When, Luke uses this same motif to describe the Last Supper he is doing the same thing: “And he took bread, and gave thanks, and brake it, and gave unto them, saying, This is my body which is given for you: this do in remembrance of me.” (Luke 22.19) This sacramental act is both reforming Jewish (and, by implication, every) society at the same time as it makes a ritual declaration that anyone who will eat this bread and drink this wine in rememberance of Christ shall share in the blessings of the kingdom of God.
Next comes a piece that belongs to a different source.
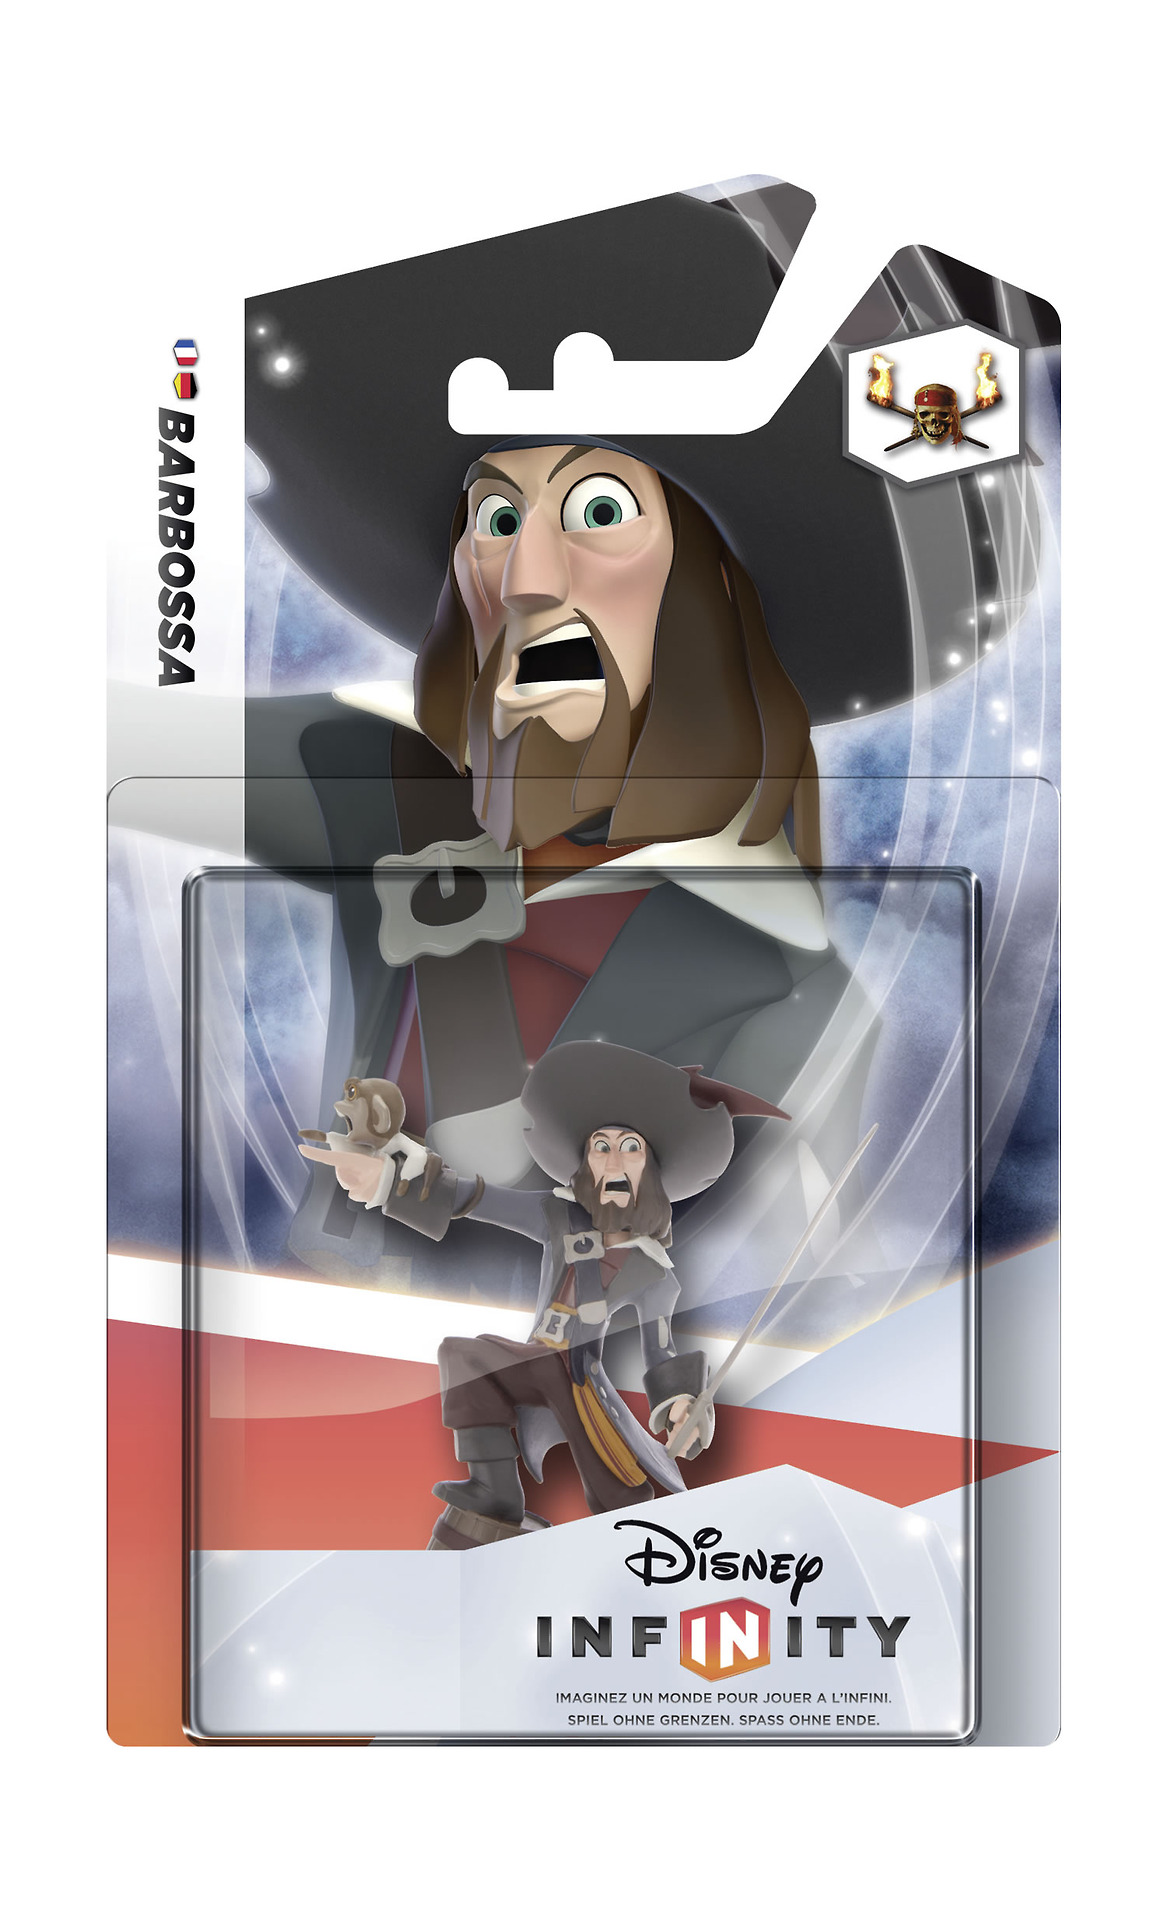 Disney Infinity: Figurka Barbossa (Piráti) OEM

But, according to Luke, Jesus, after his resurrection, returns to two disciples on the road to Emmaus and sits down with them to eat. Luke once again uses this same motif: ‘When [Jesus] was at the table with them, he took bread, blessed and broke it, and gave it to them’ (Luke 24.30). Once again Jesus shares this meal with his disciples as means of affirming the blessings of the kingdom, but then Luke adds a unique detail: ‘Then their eyes were opened, and they recognize him’ (Luke 24.41). Walking and talking with Jesus was not sufficient to reveal Jesus to these disciples. It was only after he had shared this ritual meal with them that they could see him for who he really was.
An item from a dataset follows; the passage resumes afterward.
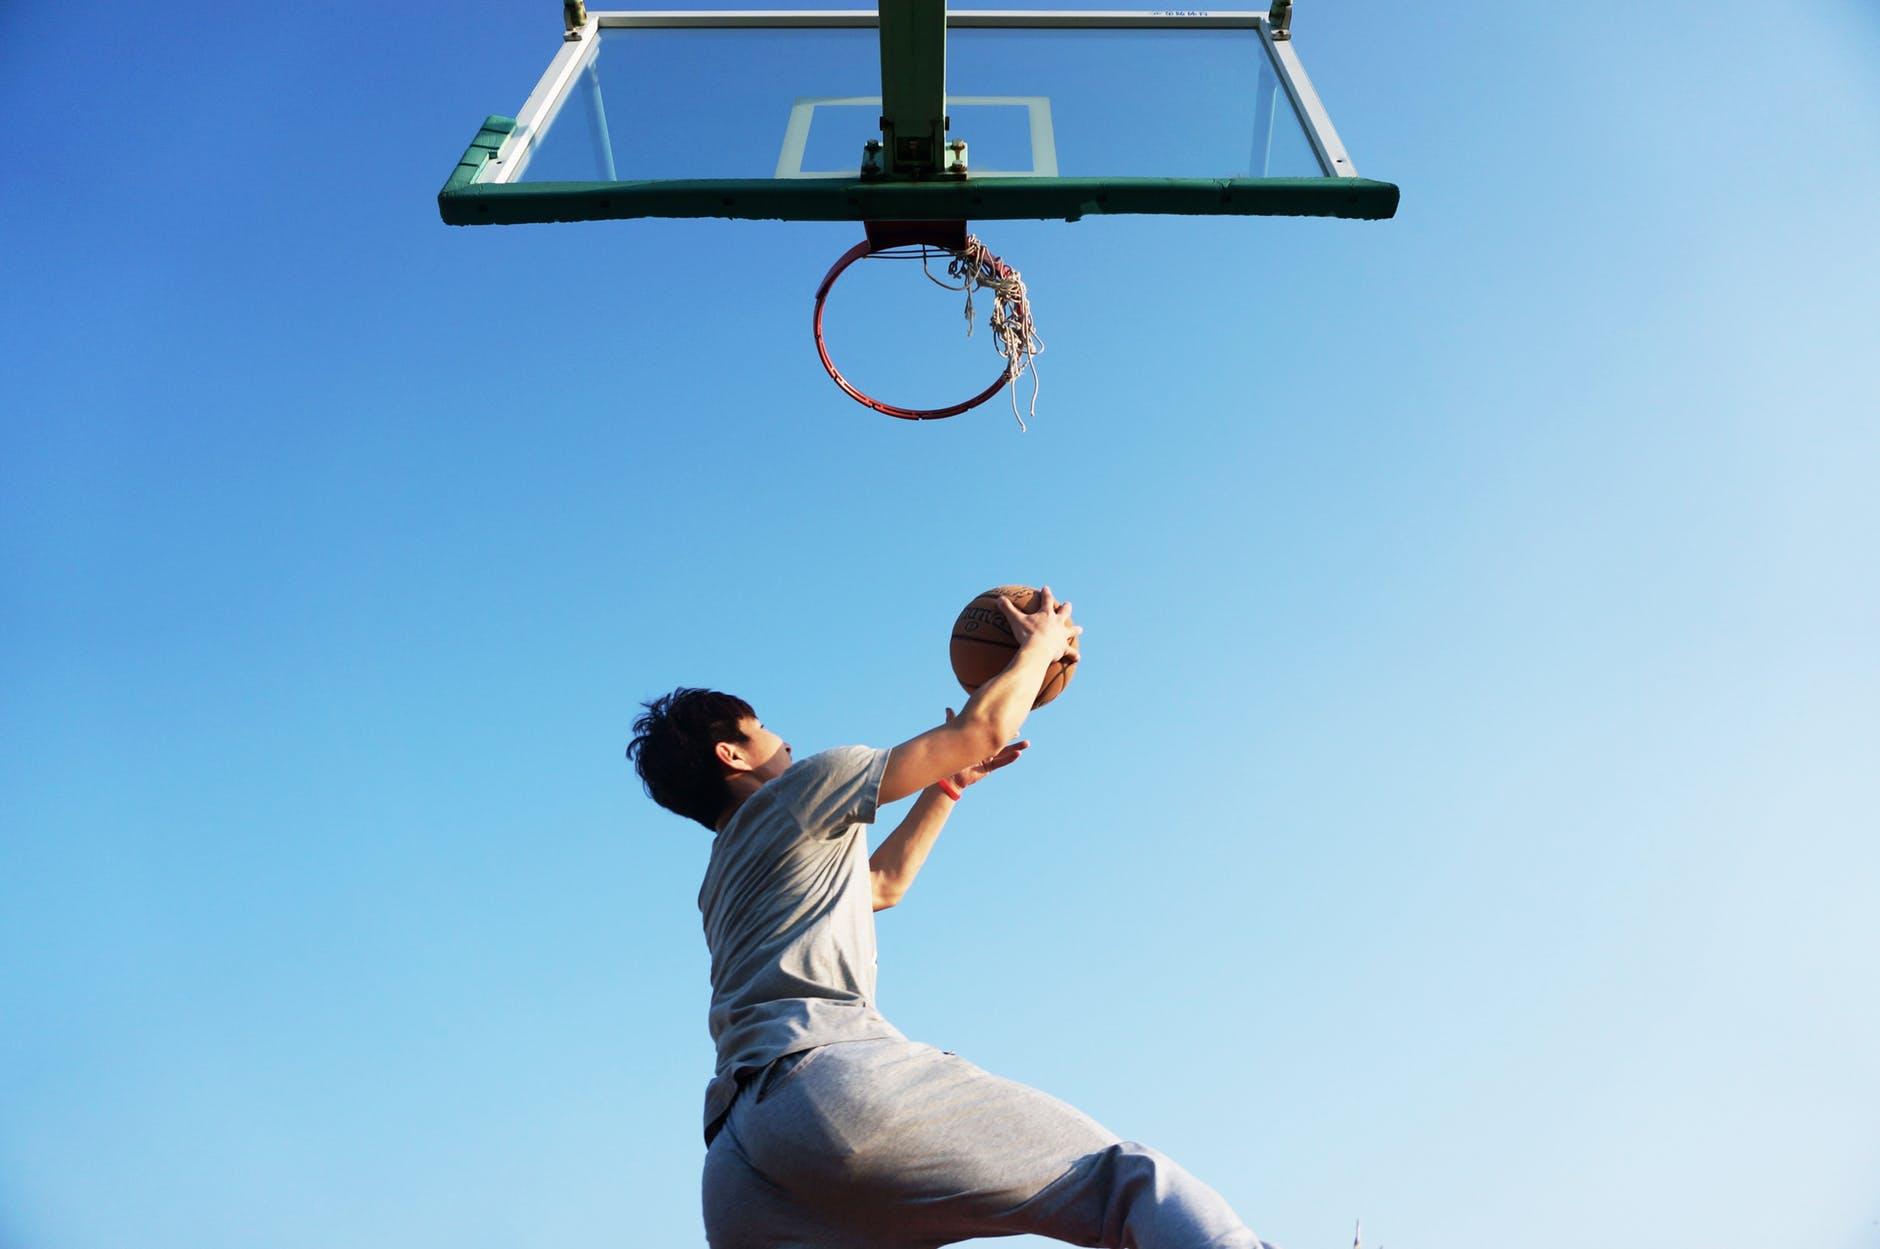 basketball-dunk-blue-game-163452.jpg

Brad & Ronan have already written about how this story captures the way in which Jesus is ‘everyman’, that is, he can be anyone of us. Further they suggest that one way we know if we have become what Jesus wants us to be is if we can see Jesus in everyone. This ‘take, brake, blessed, give’ motif captures the reconfiguration of society and the blessings of the kingdom, but it also shows us how we can learn to experience this change of heart which enables us to see Jesus in ‘everyman’.

Each Sunday as we take the bread, break it, bless it, and share it with each other, God will reveal himself in the small, rambunctious child sitting behind us, in the snoring gentleman a few rows in front, in the teacher struggling to control his youth Sunday school class, and in the ecclesiastical leader whose politics are different from yours. God wants to reveal himself to us in everyone and he will do this, in part,  through the sacrament.

Notes:
1. Crossan J.C., Jesus: A Revolutionary Biography, p. 77.
2. Dodd C.H., The Founder of Christianity, p. 141.

Comments

  1. J. Stapley says:

    Really, really good stuff, Aaron. Thank you.

  2. Thanks, Aaron. Great thoughts.

  3. Aaron, in a “desert Island Scriptures” setting I would put the road to Emmaus in my seven selections. Every Easter Sunday we read this account in Luke 24 after dinner. We often have guests and our family and guests take turns as we pass the Holy Bible around the table. I love it so much because it offers the hope of testifying of Christ to Christ unawares. Thanks for putting the link to Ronan’s thoughts on this – very inspiring.

  4. Thanks guys.

    Peter V., what a wonderful tradition! I may just steal it. You’re right that this is just a very important passage.

  5. “Walking and talking with Jesus was not sufficient to reveal Jesus to these disciples. It was only after he had shared this ritual meal with them that they could see him for who he really was.”

    Love this. You’re all about the ritual meals, aren’t you Aaron? You long ago persuaded me to rethink my misanthropy about “munch and mingles.”

  6. Just in case there is one more munch-and-mingle misanthrope I have another post next week that has some relevance to these themes. One-trick pony and all that!

  7. Peter V. What a great notion. I may steal this as well.

  8. Wonderful thoughts, Aaron.

    “Walking and talking with Jesus was not sufficient to reveal Jesus to these disciples. It was only after he had shared this ritual meal with them that they could see him for who he really was.”

    I have had that same thought in the past, but I had forgotten it completely. Thanks for the reminder. I needed it today.